## What you have to do
Give the listing again exactly, skipping any pictures it holds.

## Data block
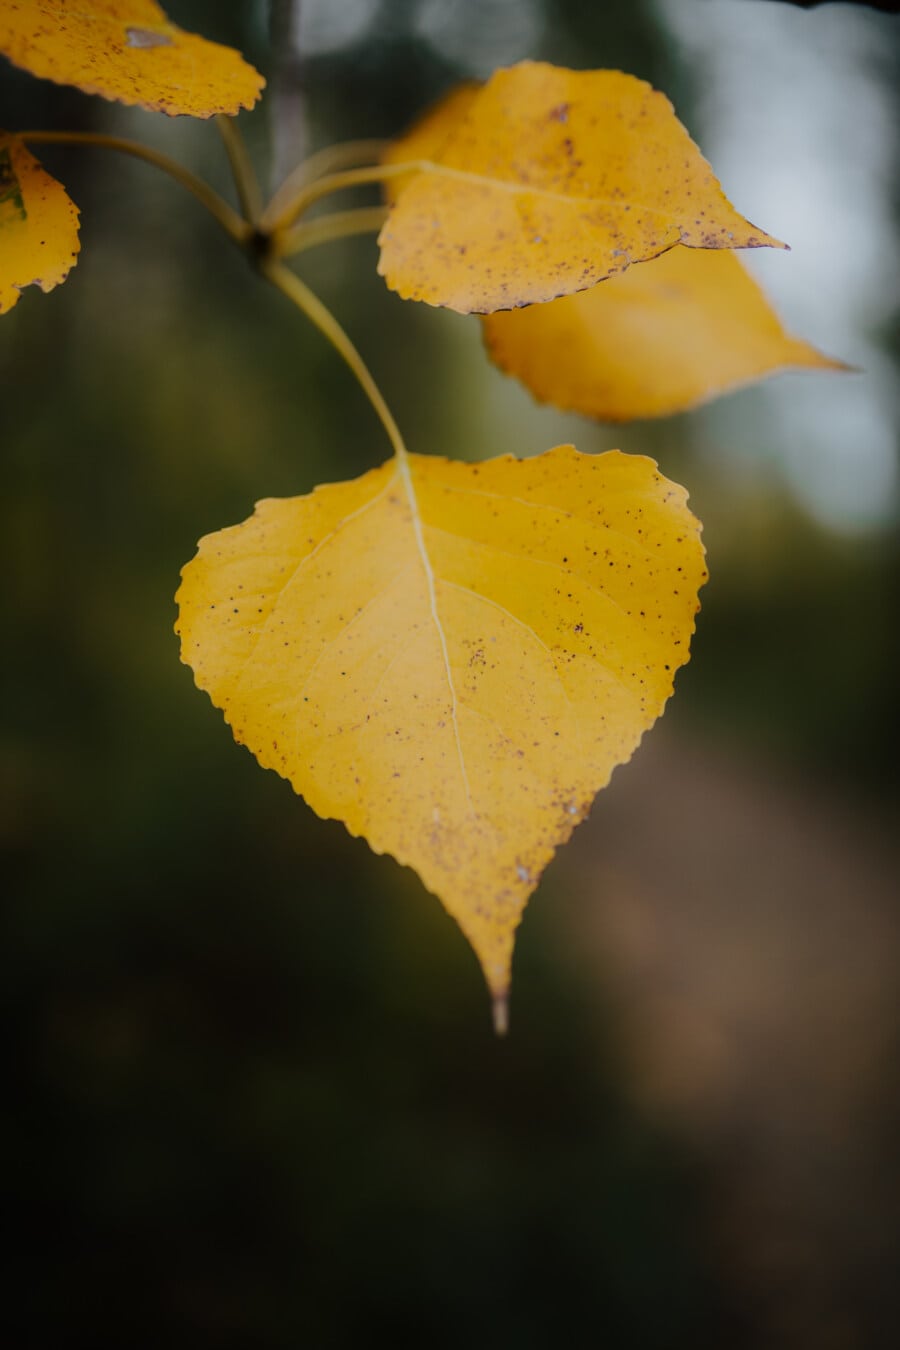 żółty, Żółte liście, żółtawo-brązowy, gałązka, fokus, szczegół, zbliżenie, sezon jesień, natura, jesień
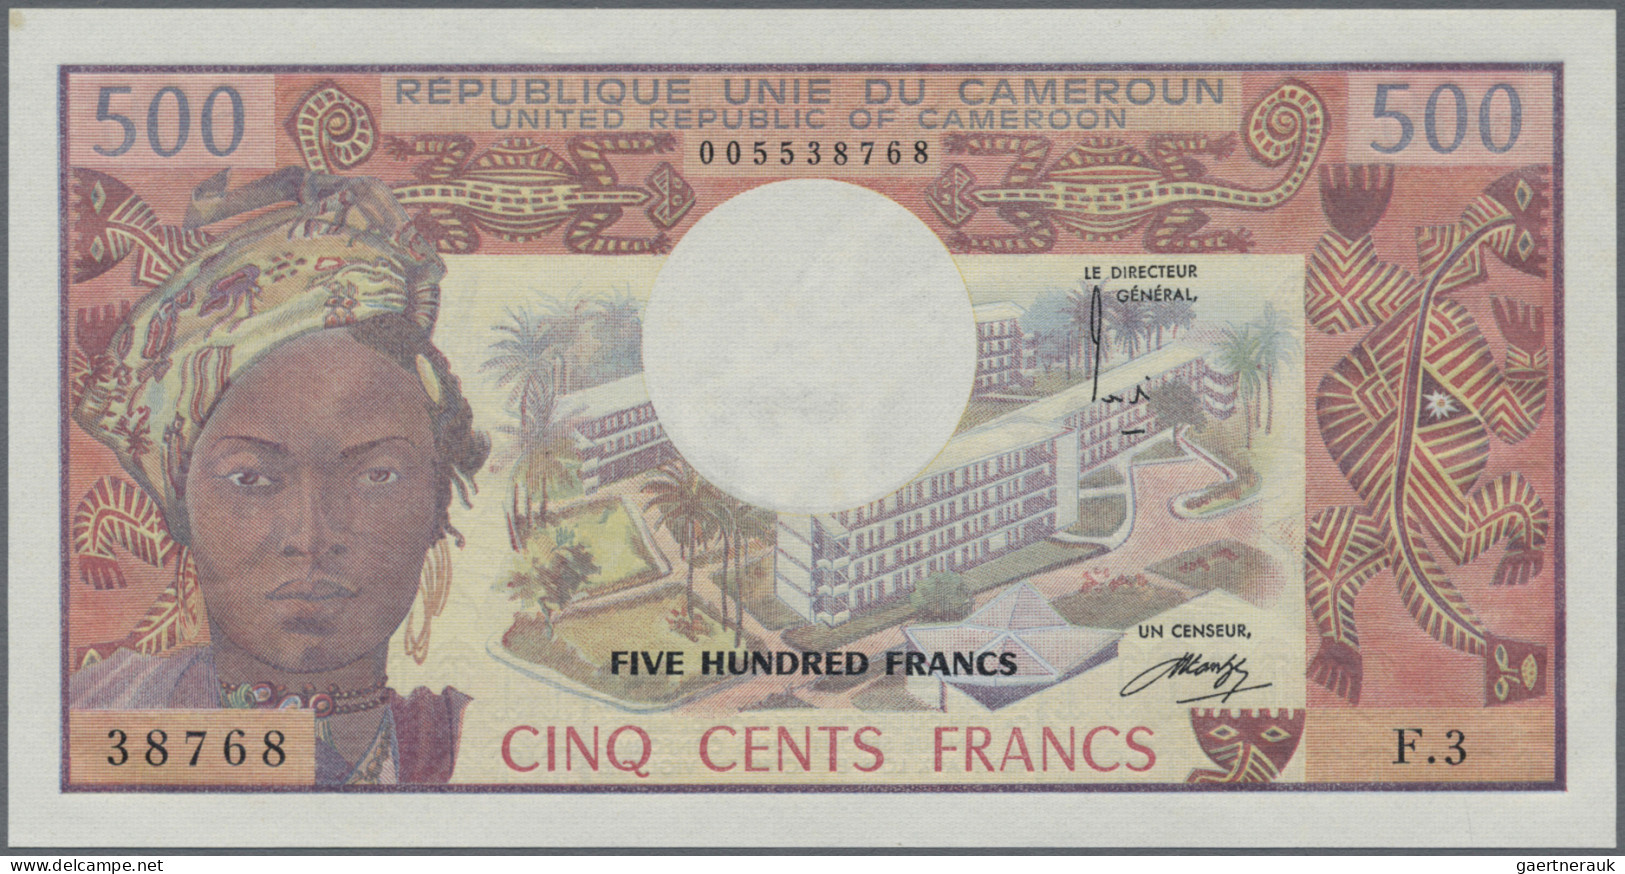 Cameroon: Banque Des États De L'Afrique Centrale - République Unie Du Cameroun, - Kamerun
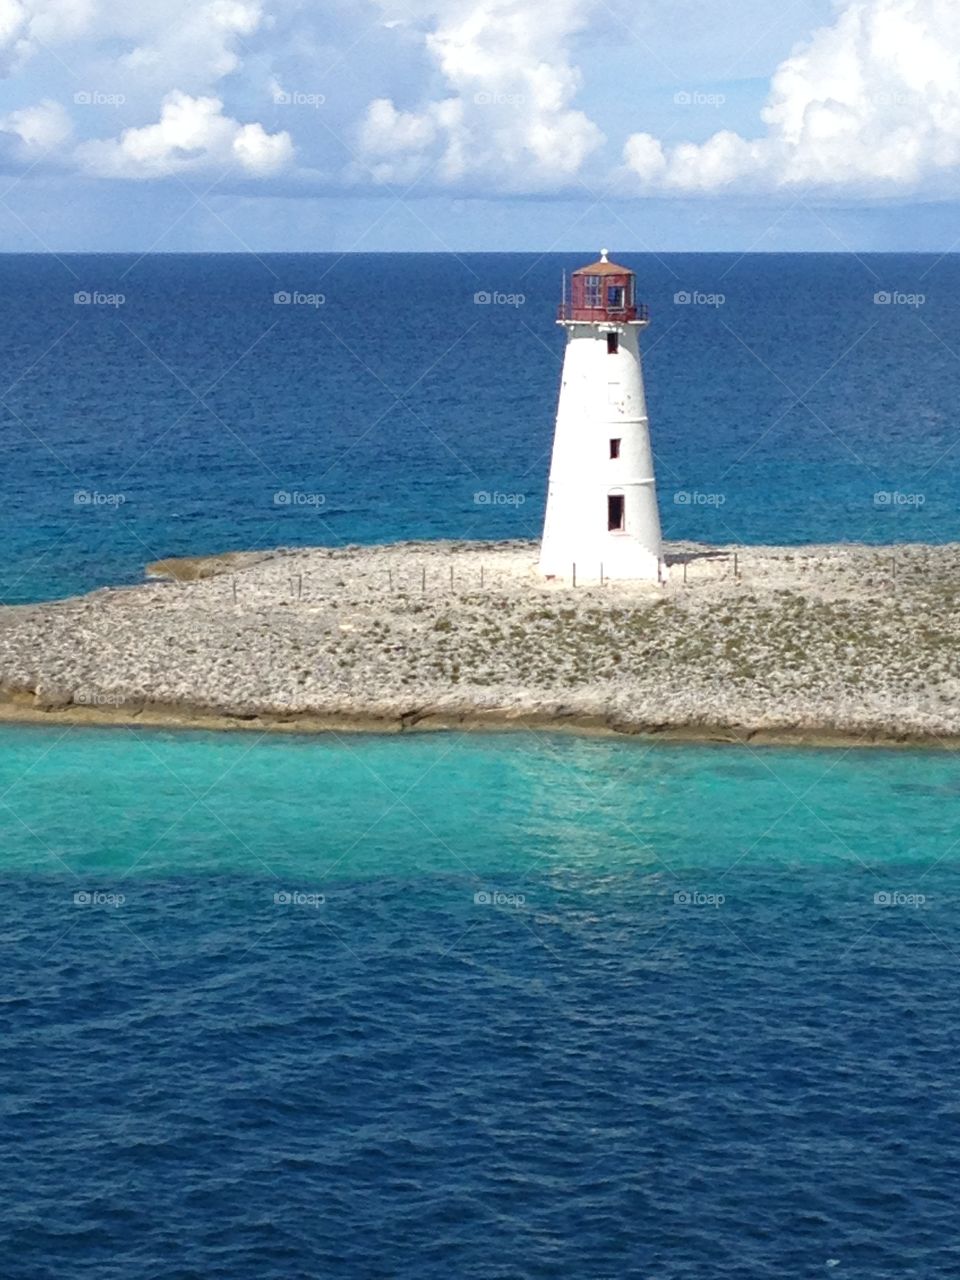 Abandoned Lighthouse on the coast.

## Solution to this problem
 żółty, Żółte liście, żółtawo-brązowy, gałązka, fokus, szczegół, zbliżenie, sezon jesień, natura, jesień
 Cameroon: Banque Des États De L'Afrique Centrale - République Unie Du Cameroun, - Kamerun
 Abandoned Lighthouse on the coast.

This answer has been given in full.